How, then, to read this riddle? How could a poll with such an apparent demographic goof wind up so close to the mark? What no critic apparently understood, or wanted to understand, is something very basic and essential to exit poll methodology: multiple stratification (weighting). Exit pollsters know enough not to expect equivalent response rates across race, age, gender, income, education, and partisanship groups. They use data-rich models, as in many other sciences, to weight their samples accordingly. It has been my observation that the aggregate impact of these multiple weightings—because they are grounded at least in part on demographic data derived from prior elections’ exit polls that have been adjusted rightward to congruence with red-shifted votecounts—tends to be rightward. That is, there are factors in the exit pollsters’ weighting algorithm that tend to chronically push the sample a few points to the right. The over-representation of college grads pushed the sample a point or two to the left. Such weightings tug against one another—so, for example, the sample might wind up over-representing the college-educated but under-representing non-white voters. The art and science of exit polling lies in getting those balances right, and they’ve sure enough had a lot of practice (in fact, prior to the computerized voting era, the main problem with exit polls was that they were so accurate that the pollsters had to agree to withhold their results until polls had closed in order not to discourage late-day turnout).

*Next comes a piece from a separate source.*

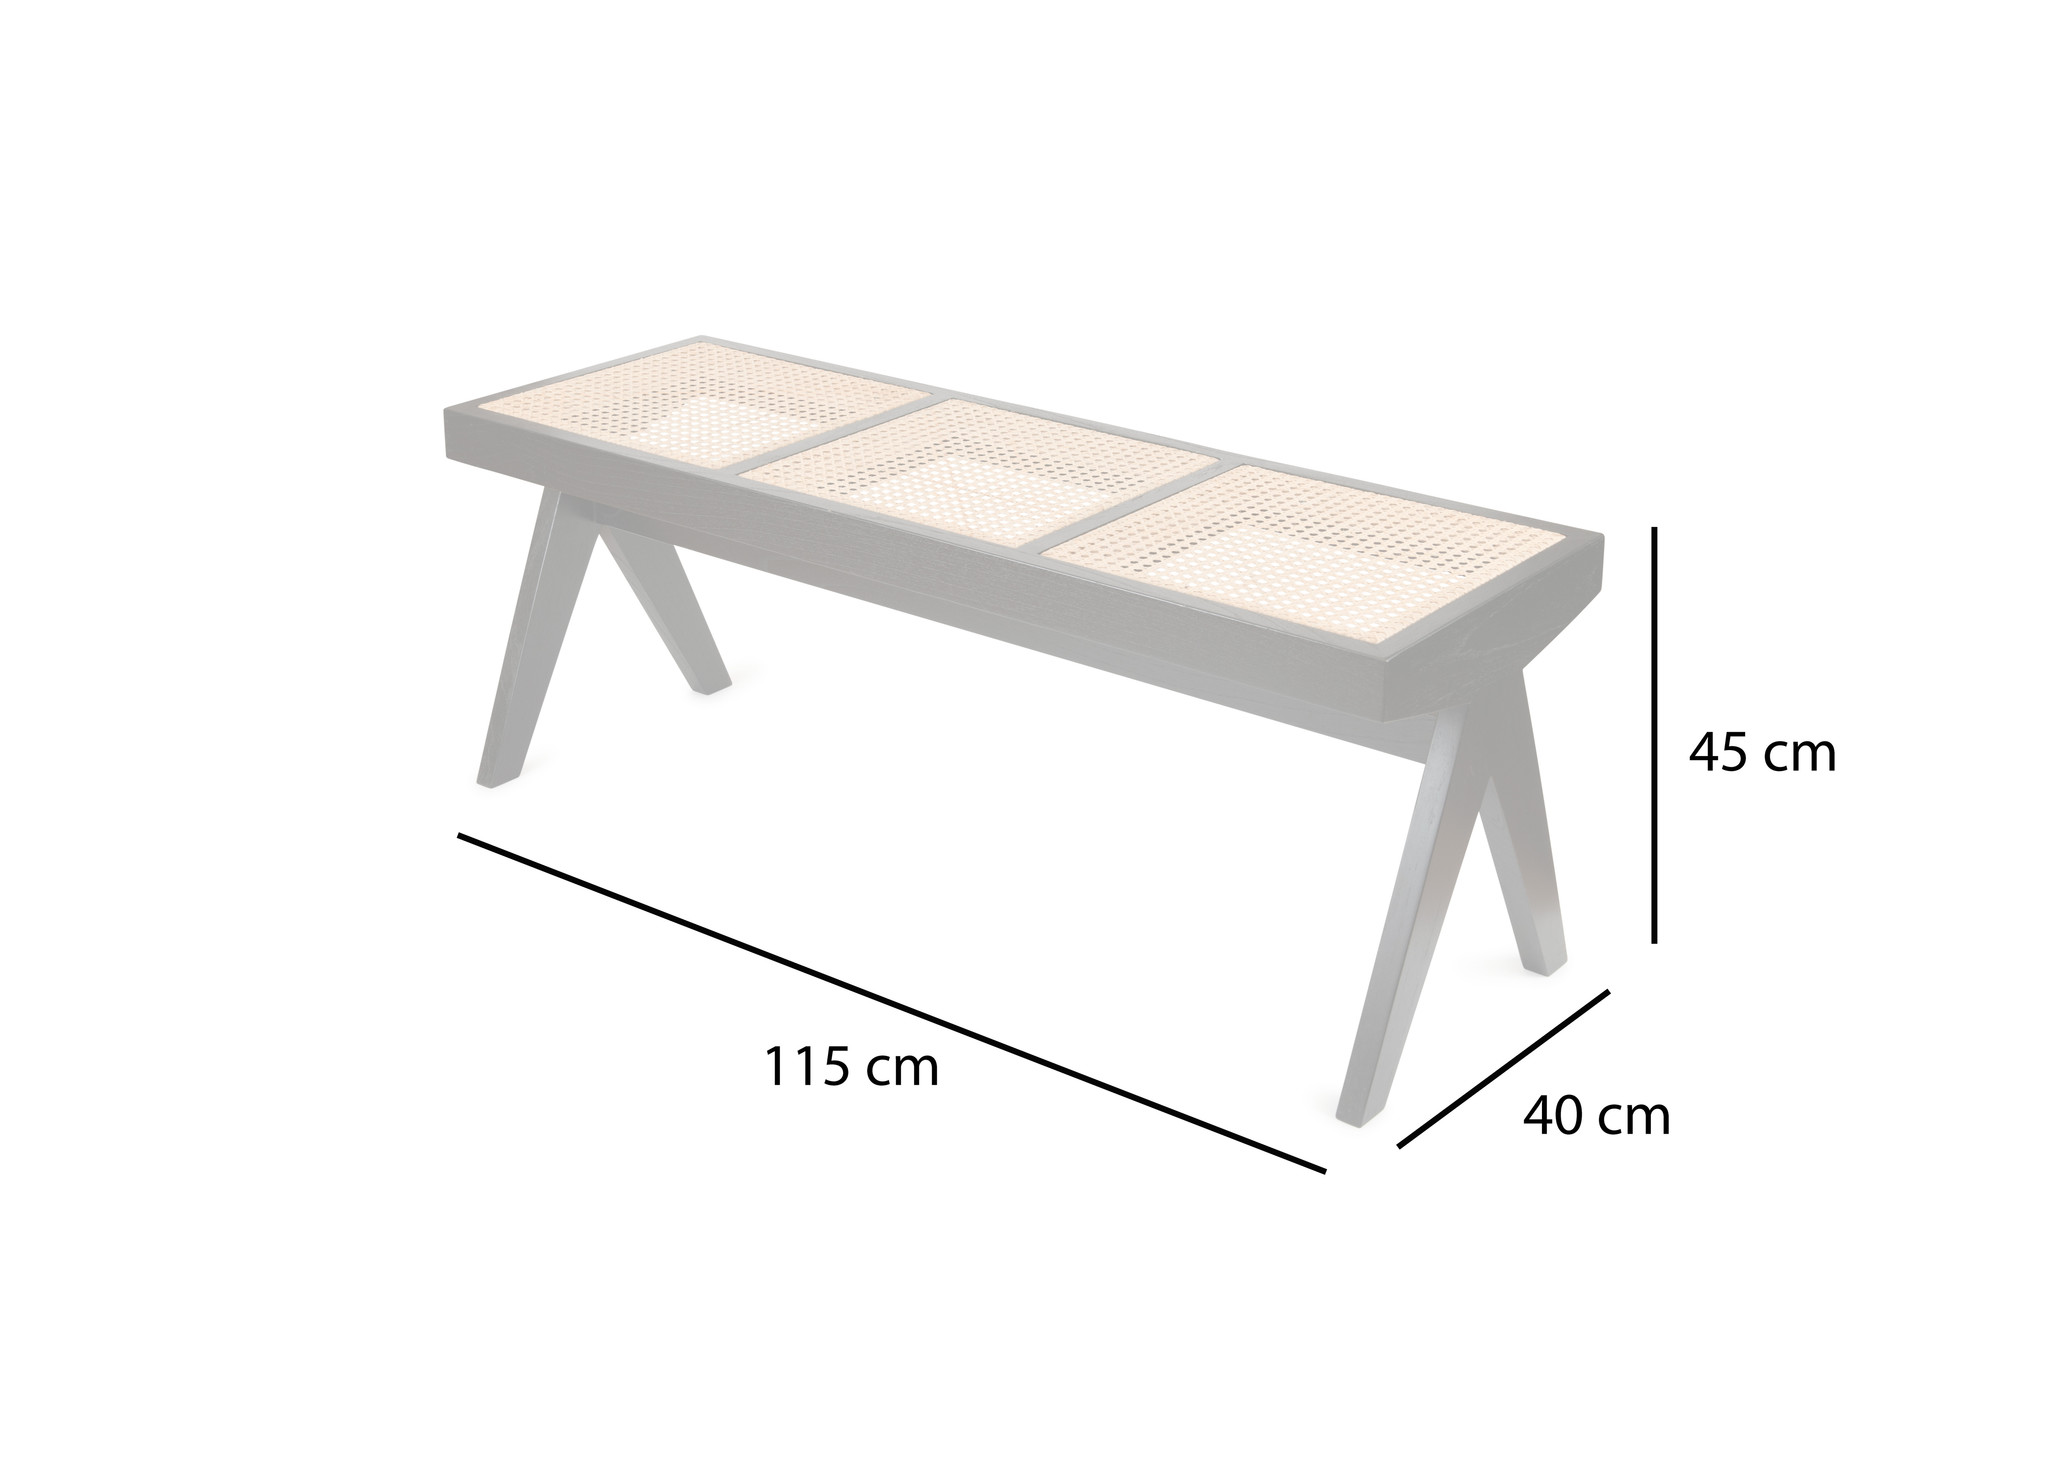 Bench / B.T.H. Flats 3 - Darkened Teak-5

It’s a complex process and you could say, I suppose, “the secret’s in the sauce” (although, again, this sauce is far less secret than the votecounts themselves—the numbers are there to inspect and compare, at https://www.cnn.com/election/2016/results/exit-polls/national/president for the adjusted National poll and on this website for the unadjusted screencaptures, along with a more complete analysis of the polling methodology).

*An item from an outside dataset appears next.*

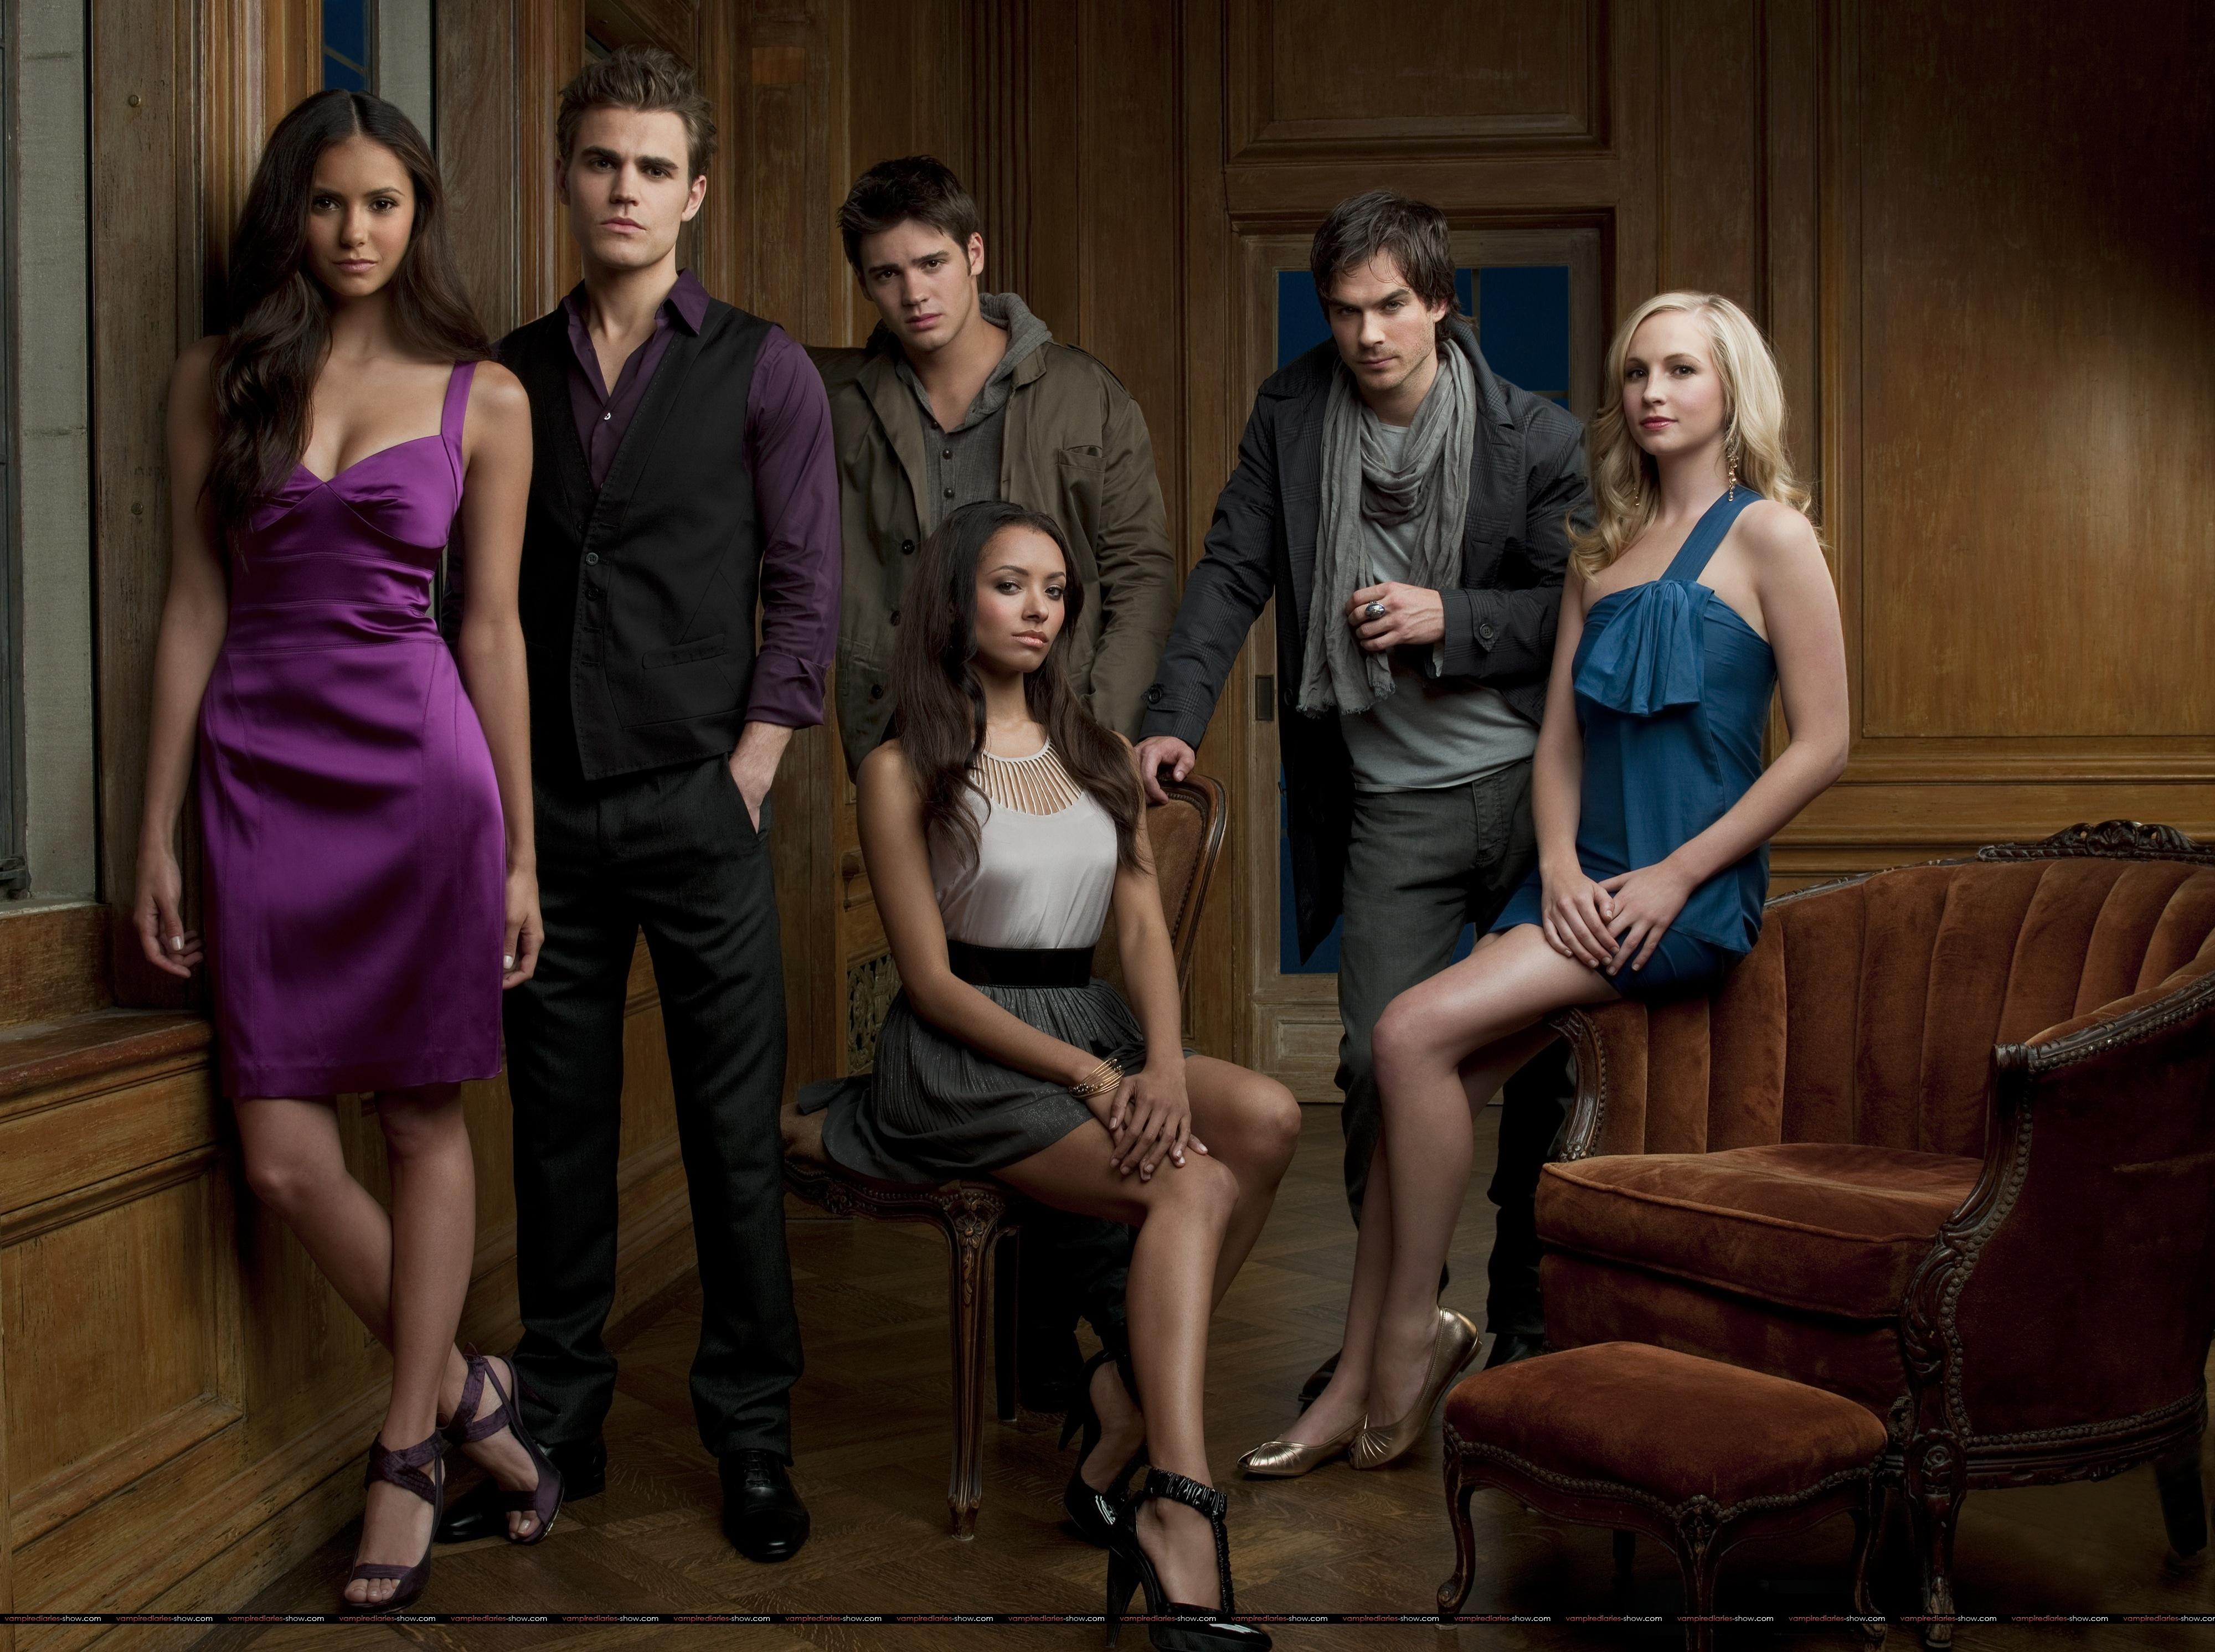 http://www.vampire-diaries.fr/wp-content/uploads/2009/09/vampire-diaries-season-1-fond-ecran-groupe.jpg

But you can also say “the proof’s in the pudding.” The fact is that the National Exit Poll—the one torn apart by a posse of critics sorely lacking in understanding of exit poll methodology, many of whom have been hell-bent on discrediting exit polls as a verification tool since 2004—got it right, while the exit polls by the same firm, using the same methodological “sauce,” in the critical battleground states table-run by Trump, were way off, all in the same direction. That is a damning second-order comparative, and the best evidence we can get from a system determined to withhold all its “hard” evidence, a process designed for concealment. So far, to my knowledge, no one has established a benign explanation for this, or numerous other, telling patterns of disparity.9
I hope that any reader troubled by the evidence summarized here, and/or by its facile dismissal by those who would prefer not to grapple with its implications, will take the time to examine the studies included in the “Evidence and Analysis” chapter of CODE RED, all of which are fully accessible to the non-statistician. In conclusion, the key point is that it is not just a few instances or an equivocal pattern, nor can it be attributed to skewed baselines—it is pervasive. It is difficult to look at all this data gathered together and not emerge gravely concerned that elections have been systematically manipulated and strongly moved to further investigate that possibility.